4721 sayılı Türk Medeni Kanununun 599. maddesine göre tereke iştirak halinde mirasçılara geçer. Bir başka söyleyişle, elbirliği mülkiyeti hallerinden birisi de miras şirketi olup miras şirketinden bahsedilebilmesi için murisin terekesi üzerinde mirasçı sıfatını haiz birden fazla kişinin bulunması gereklidir. Miras şirketinin tüzel kişiliği yoktur. Terekeye dahil mal veya haklar üzerinde tüm mirasçılar iştirak halinde maliktir. Bu durum mirasın taksimine kadar devam eder. 4721 sayılı Yasa’nın 701/2. maddesi çerçevesinde bu mülkiyet ortaklığa ait olduğundan, terekeye dahil mal veya haklar üzerinde ortakların belli bir payı yoktur ve bu nedenle mirasçıların tümünün birlikte hareket etmesi gerektiğinden söz edilmelidir. Medeni Kanunun 640. maddesi uyarınca terekenin tümüne ait davaların bütün mirasçılar tarafından açılması gerekip ortaklar arasında zorunlu dava arkadaşlığı bulunmaktadır. Mirasçılardan birinin terekedeki mal ve haklara ilişkin olarak yalnızca kendi payı oranında dava açması halinde, böyle bir dava dinlenemez, zira, yalnız başına bir mirasçının iştirak halindeki tereke üzerinde tasarruf ehliyeti yoktur.
Tüm bu nedenlerle, davacının tek başına dava açma ehliyeti bulunmadığından davanın aktif dava ehliyeti yokluğundan reddine karar vermek gerekmiş ve aşağıdaki şekilde hüküm kurulmuştur.

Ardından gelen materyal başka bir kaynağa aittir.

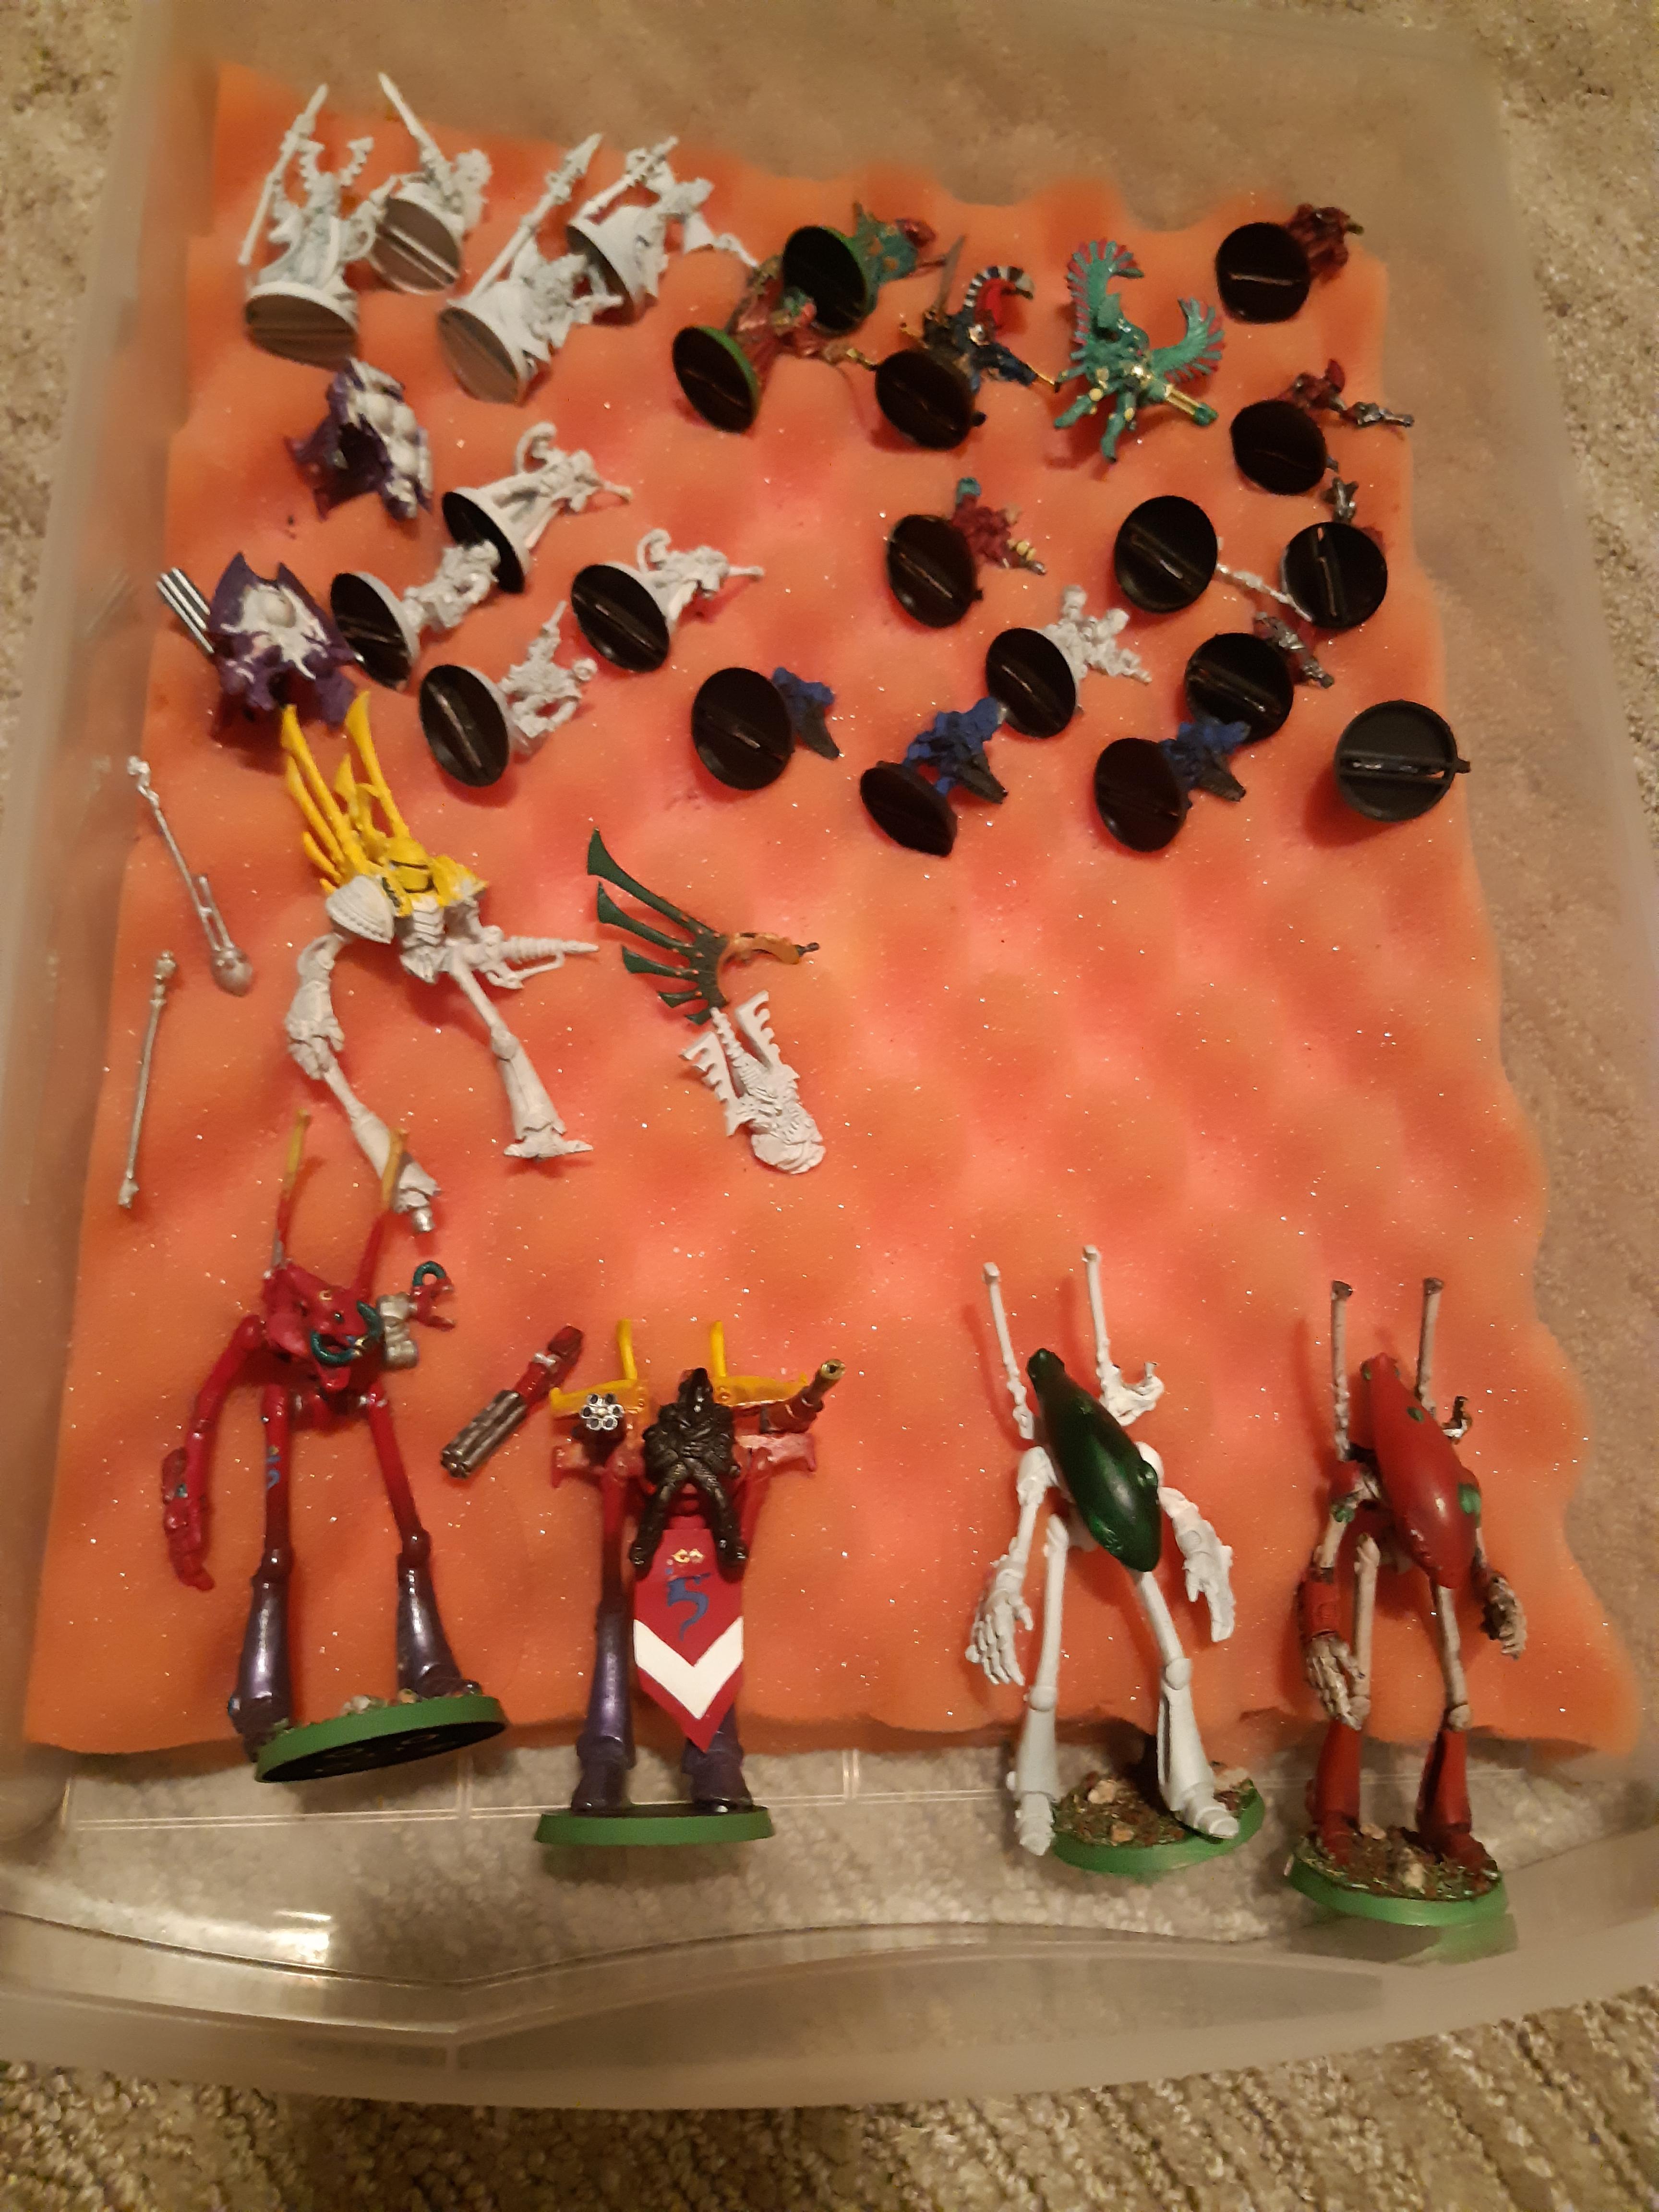 Eldar, Metal, Pewter, Plastic, Rogue Trader, Saim-hann, Warhammer 40,000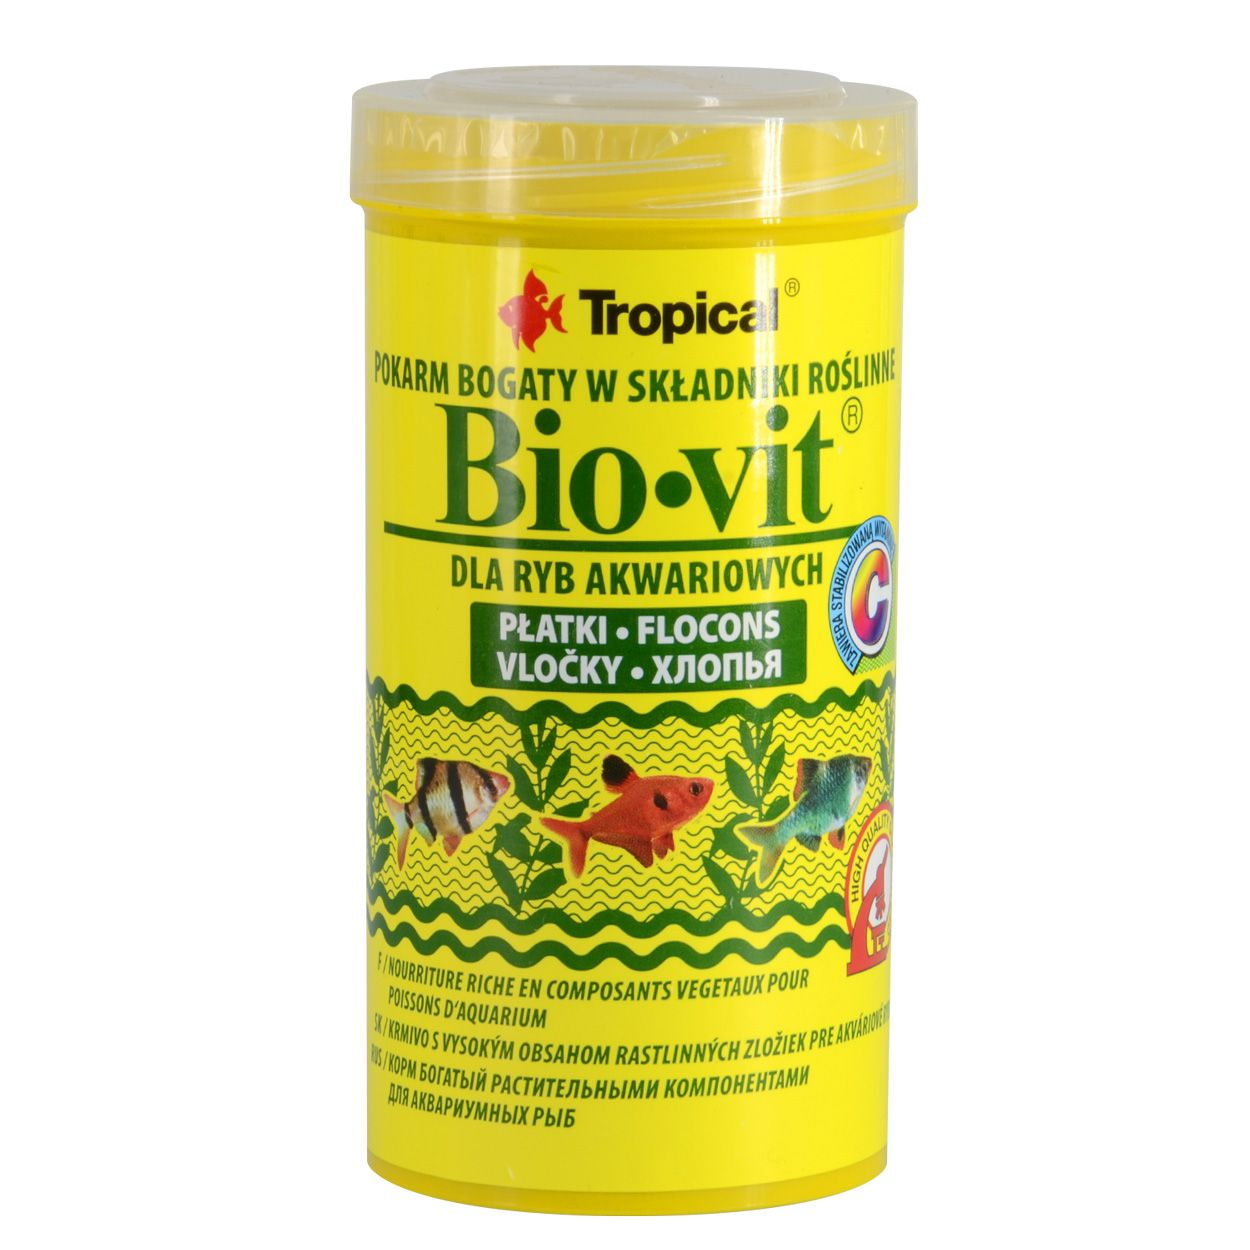 Tropical Flocos Bio Vit  50g - Alimento Vegetal para Peixes

HÜKÜM: Yukarıda açıklanan nedenlerle;
1-Davacının tek başına dava açma ehliyeti bulunmadığından, davanın aktif dava ehliyeti yokluğundan REDDİNE,
2-Harçlar yasasına göre alınması gerekli 44,40 TL harcın davacı tarafından dava açılırken peşin olarak yatırılan 256,17.-TL harçtan mahsubu ile fazla yatan 211,77 TL’nin karar kesinleştiğinde ve talep halinde davacıya iadesine,
3-Davacı tarafından sarf edilen yargılama giderlerinin üzerinde bırakılmasına,
4-Davalı tarafından sarf edilen 147 TL yargılama giderinin davacıdan alınarak davalılara verilmesine,
5-Davalılar kendilerini vekille temsil ettirdiğinden ve red sebebi aynı olduğundan karar tarihinde yürürlükte bulunan ——— uyarınca 2.725,00 TL vekalet ücretinin davacıdan alınarak davalılara verilmesine,
6-Dosyada mevcut gider avansının karar kesinleştiğinde ve talep halinde yatıran tarafa iadesine,
Dair, davacı ve vekili ile davalılar vekilinin yüzlerine karşı, 6100 sayılı HMK geçici 3/2. maddesi uyarınca Bölge adliye mahkemelerinin göreve başlama tarihinden önce aleyhine temyiz yoluna başvurulmuş olan kararlar hakkında, kesinleşinceye kadar 1086 sayılı HUMK’un 26/9/2004 tarihli ve 5236 sayılı Kanunla yapılan değişiklikten önceki 427 ilâ 454 üncü madde hükümlerinin uygulanmasına devam edileceğinden HUMK 432/1. Maddesine göre kararın tebliğinden itibaren 15 günlük yasal sürede Yargıtay temyiz kanun yolu açık olmak üzere oy birliğiyle verilen karar açıkça okunup usulen anlatıldı.